Records drawn from a dataset
+ + + +

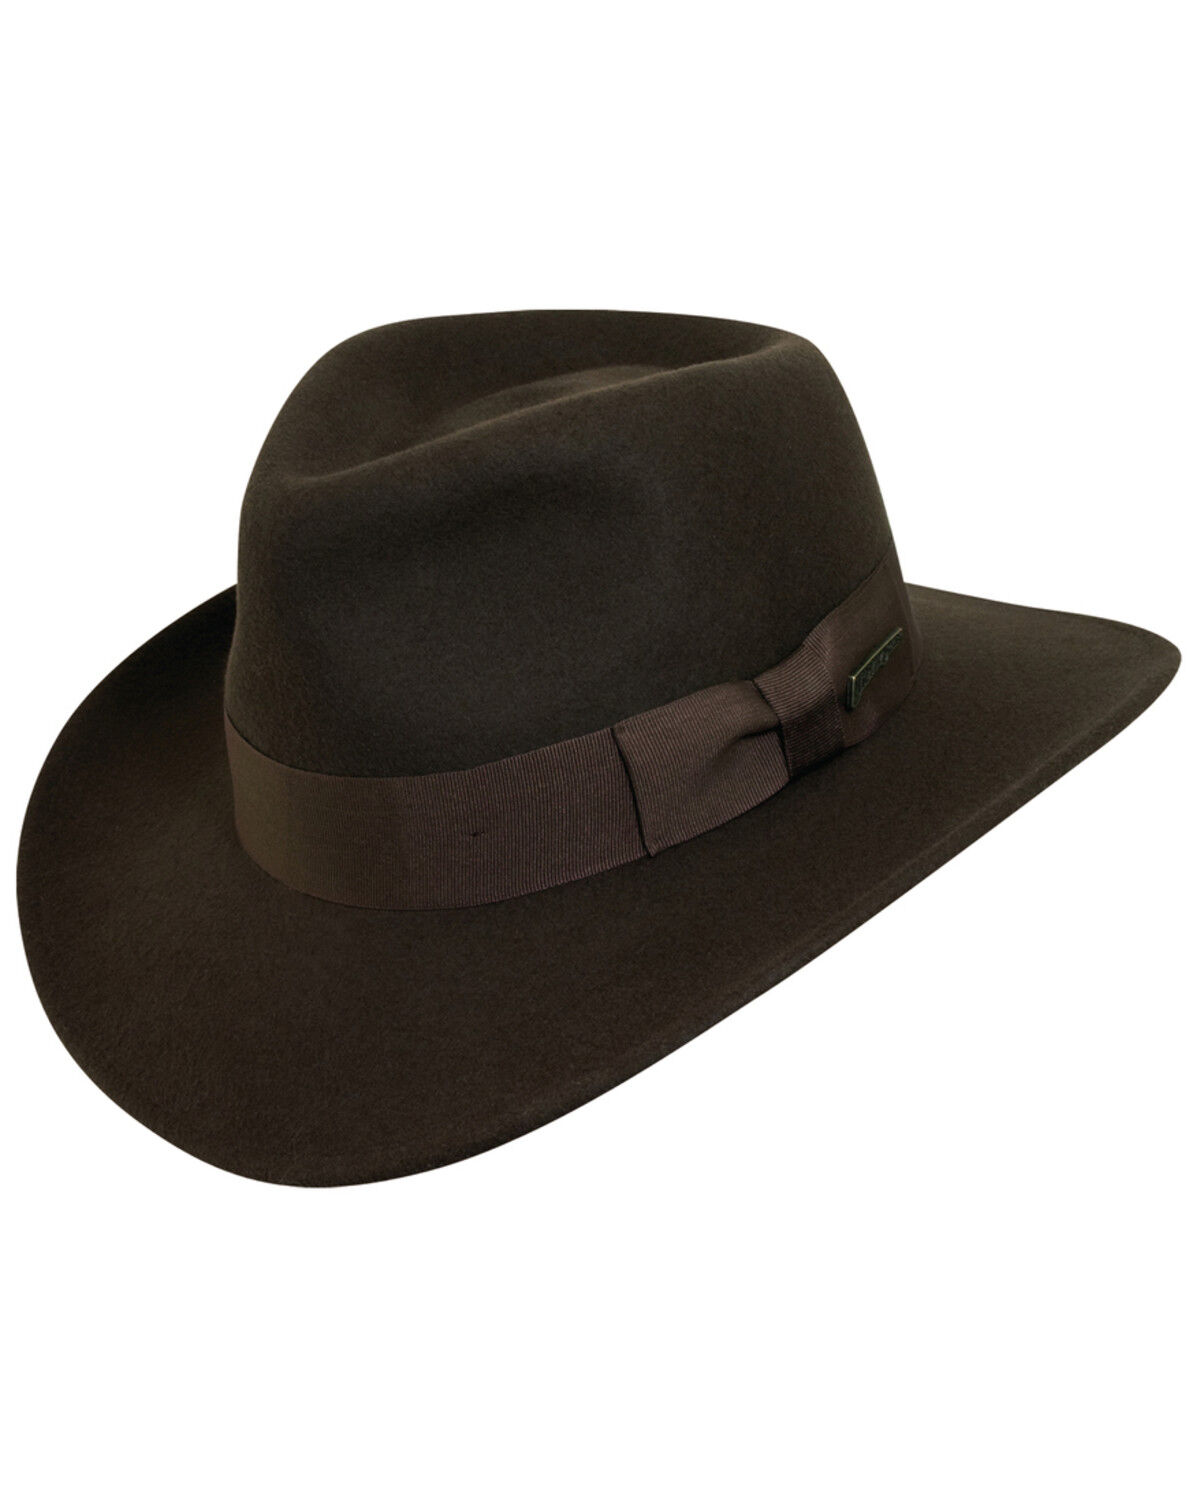 Indiana Jones Hats \u0026 Fedoras - Sheplers
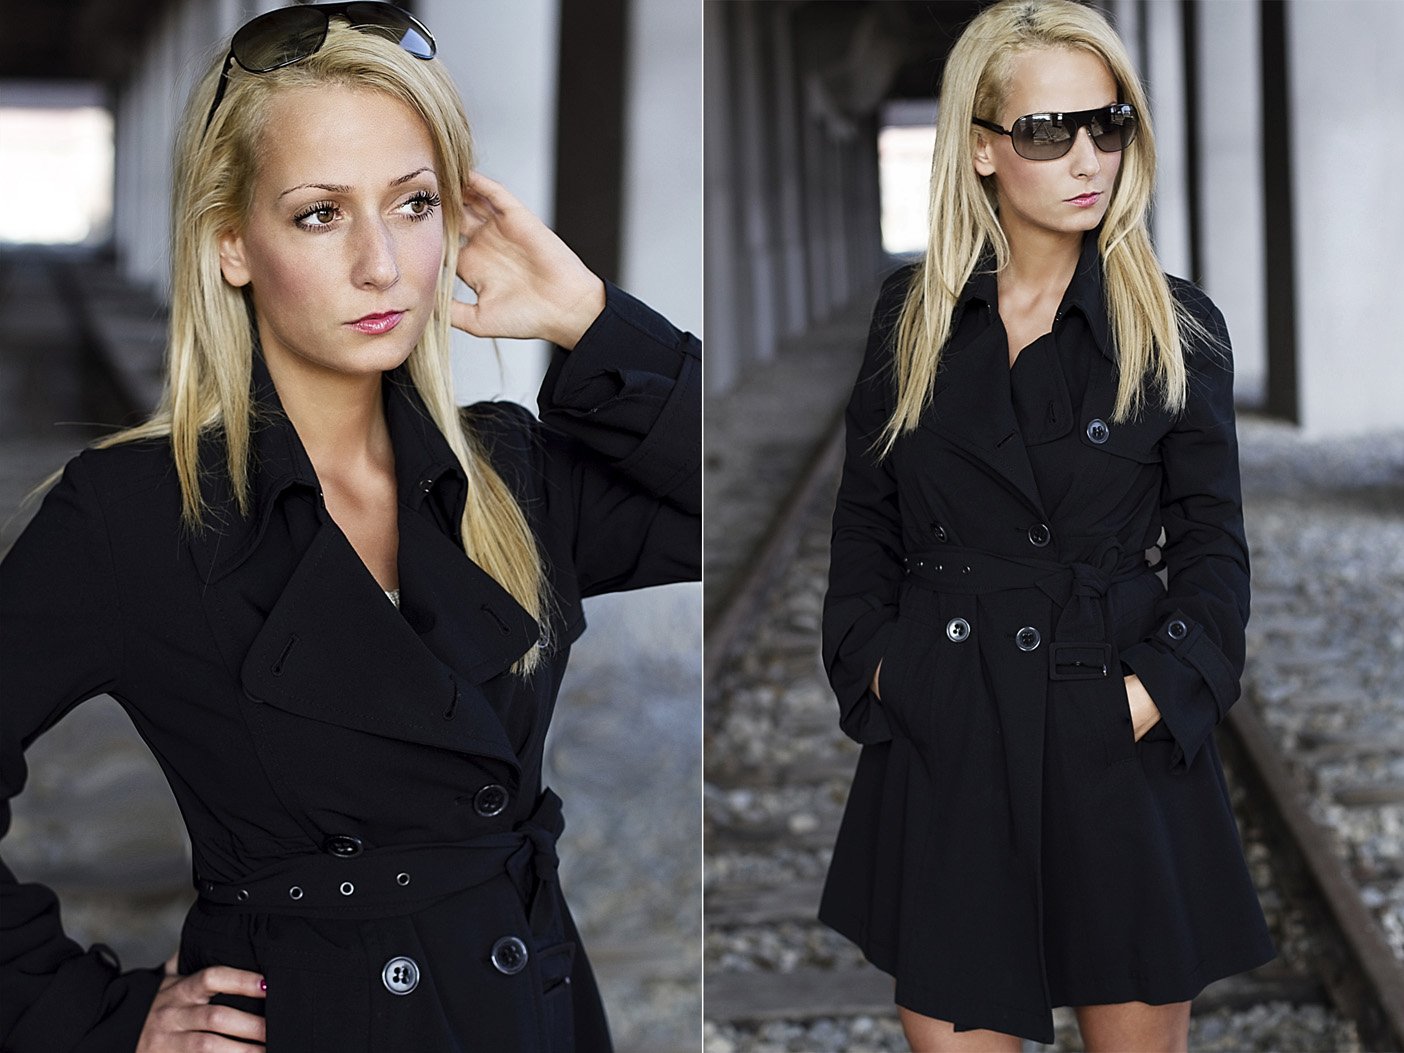 Werbefotografie weibliche Person mit langen blonden Haaren im schwarzen Trenchcoat und Sonnenbrille
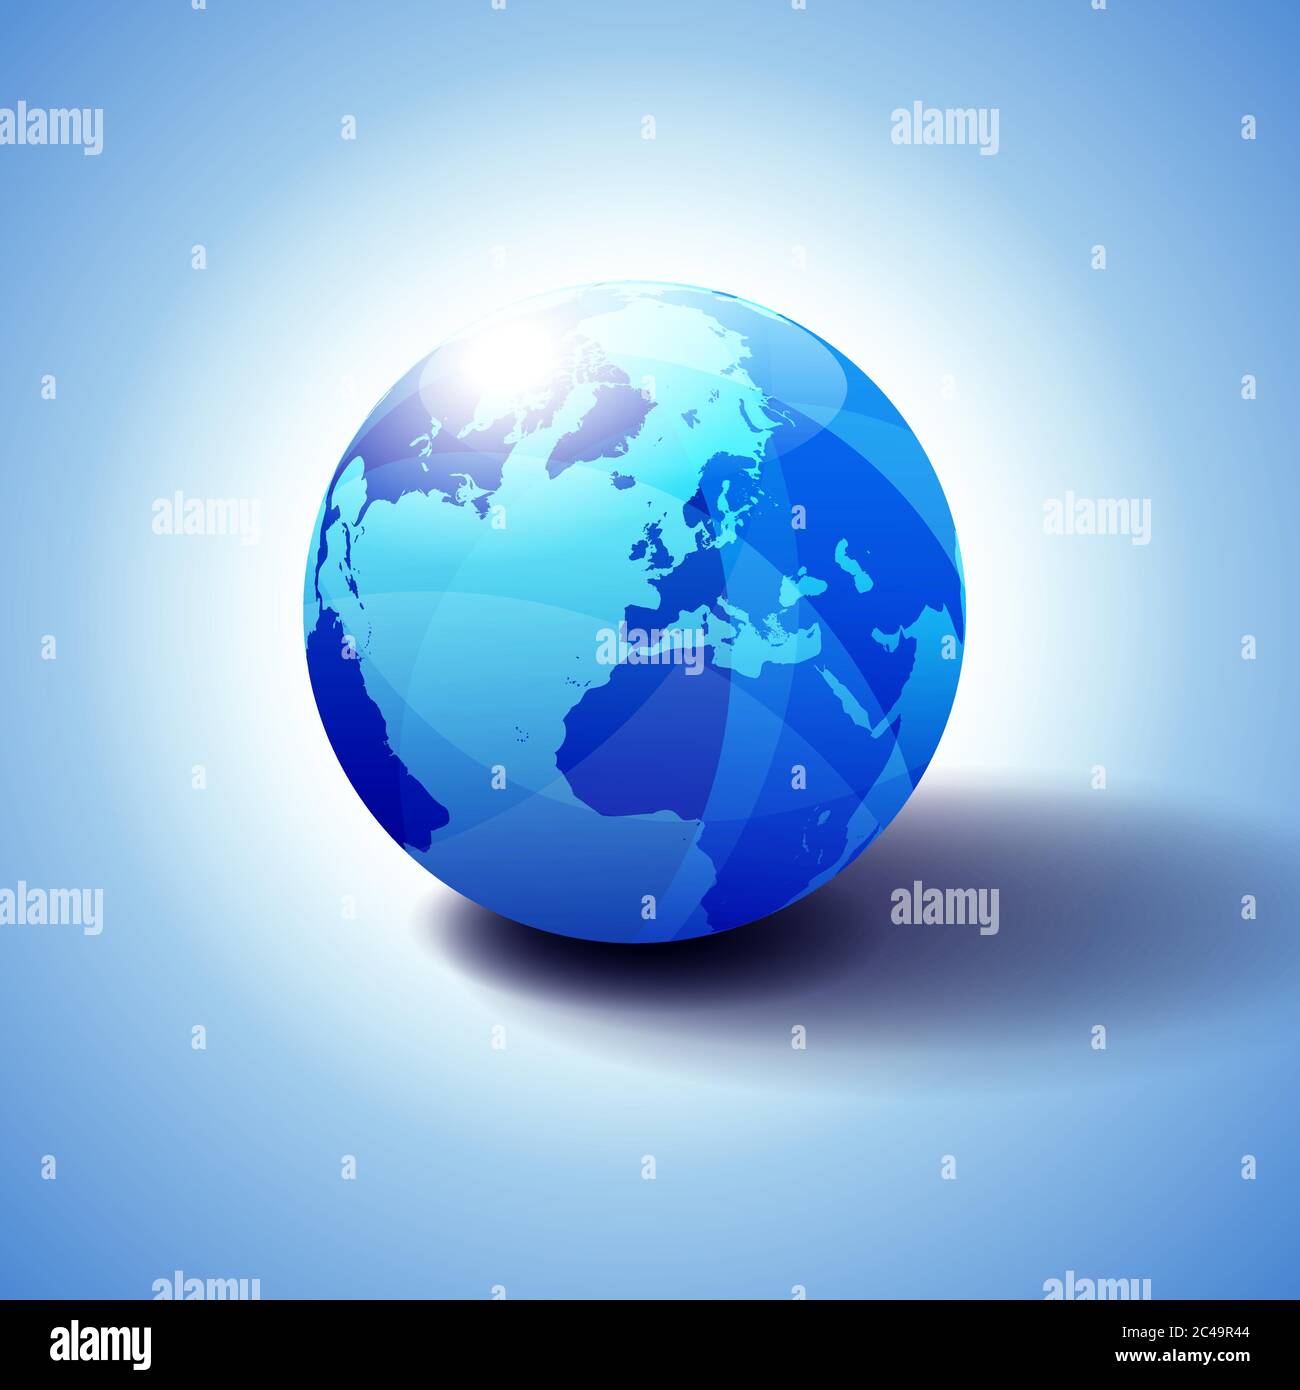 Europe, Russie et Afrique, monde mondial, Globe Icon 3D illustration, brillant, sphère brillante avec Global Map en bleu subtil donnant une sensation de transparence Illustration de Vecteur
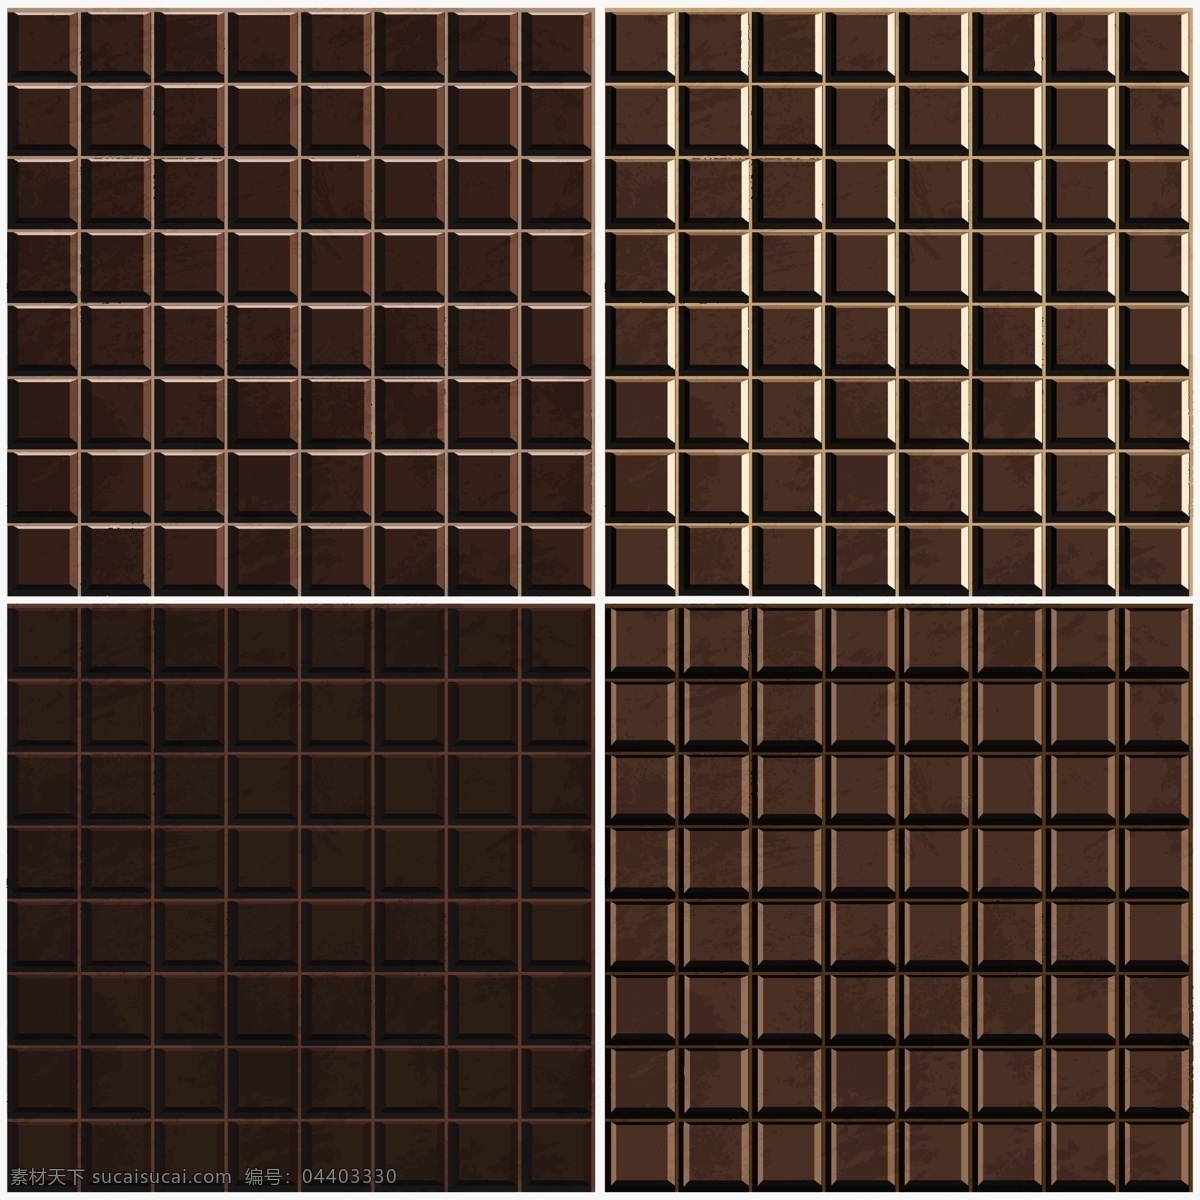 美味巧克力 美味 矢量素材 设计素材 背景素材 巧克力
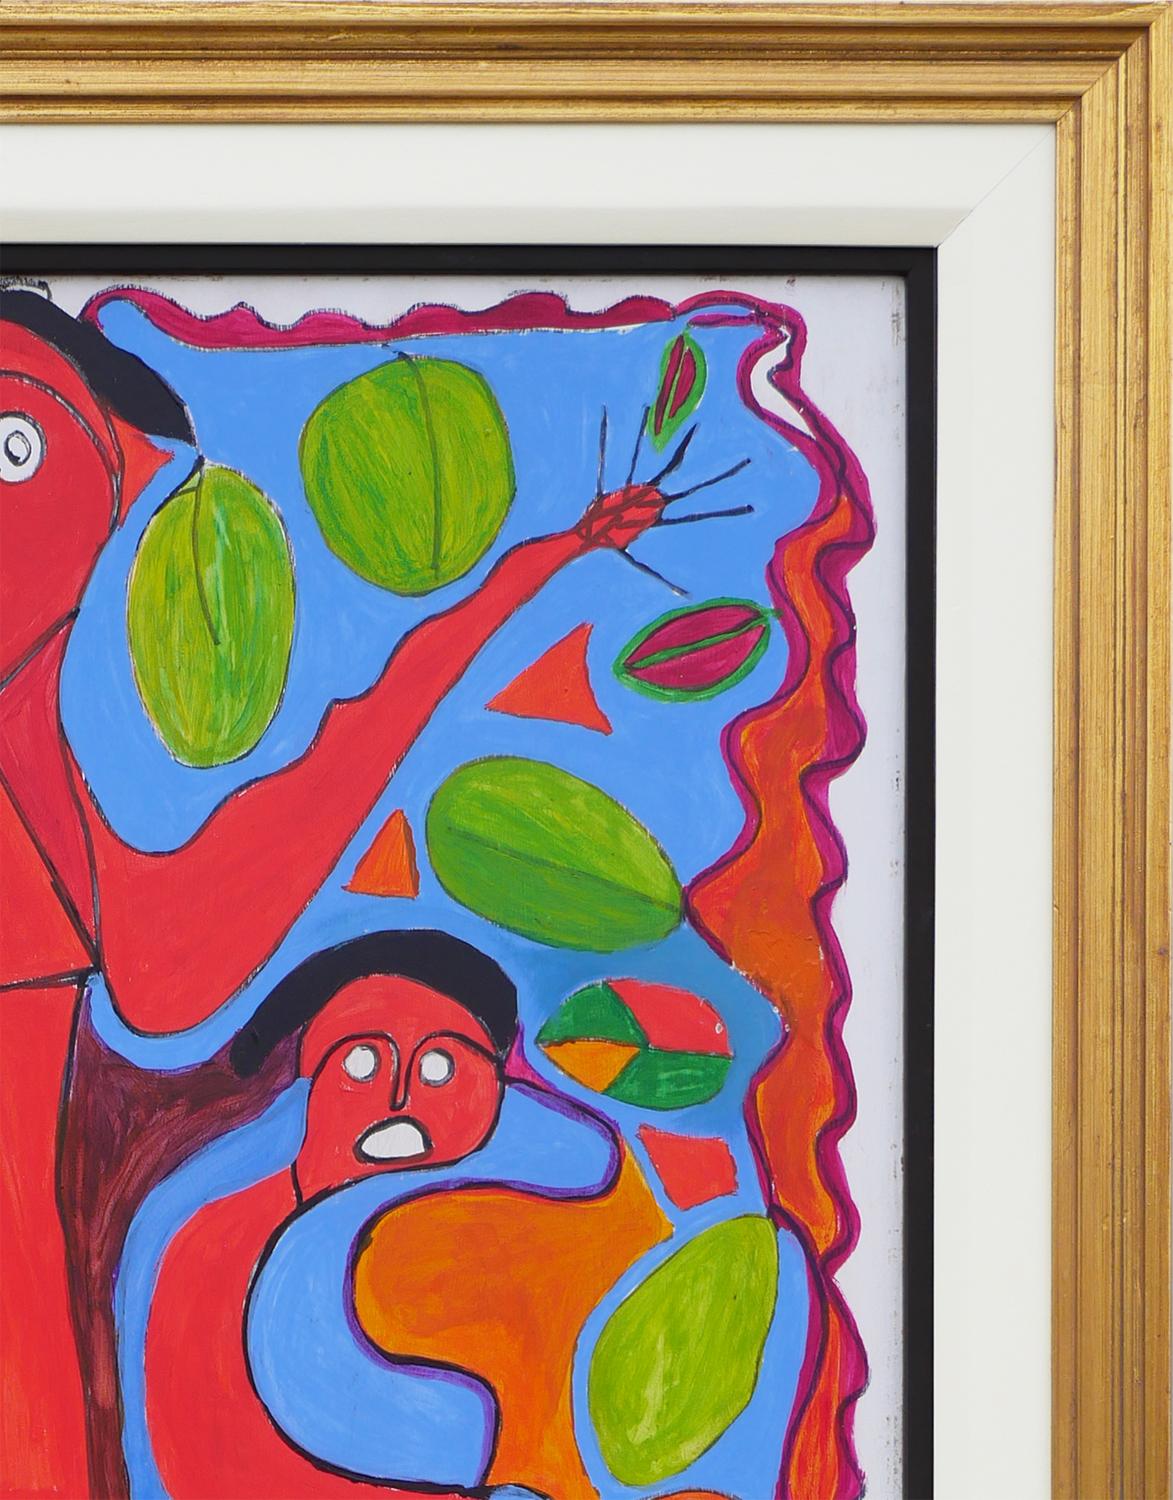 Peinture figurative abstraite rouge et bleue de l'artiste haïtien Richard Antilhomme. La peinture représente quatre figures rouges différentes qui se ramifient les unes les autres. Les personnages sont sur un fond bleu clair avec des éléments

+ + + +

# Assignment
Write out the entries above word for word. Do not include the pictures.

# Expected answer
 Indiana Jones Hats \u0026 Fedoras - Sheplers
 Werbefotografie weibliche Person mit langen blonden Haaren im schwarzen Trenchcoat und Sonnenbrille
 Europe, Russie et Afrique, monde mondial, Globe Icon 3D illustration, brillant, sphère brillante avec Global Map en bleu subtil donnant une sensation de transparence Illustration de Vecteur
 美味巧克力 美味 矢量素材 设计素材 背景素材 巧克力
 Peinture figurative abstraite rouge et bleue de l'artiste haïtien Richard Antilhomme. La peinture représente quatre figures rouges différentes qui se ramifient les unes les autres. Les personnages sont sur un fond bleu clair avec des éléments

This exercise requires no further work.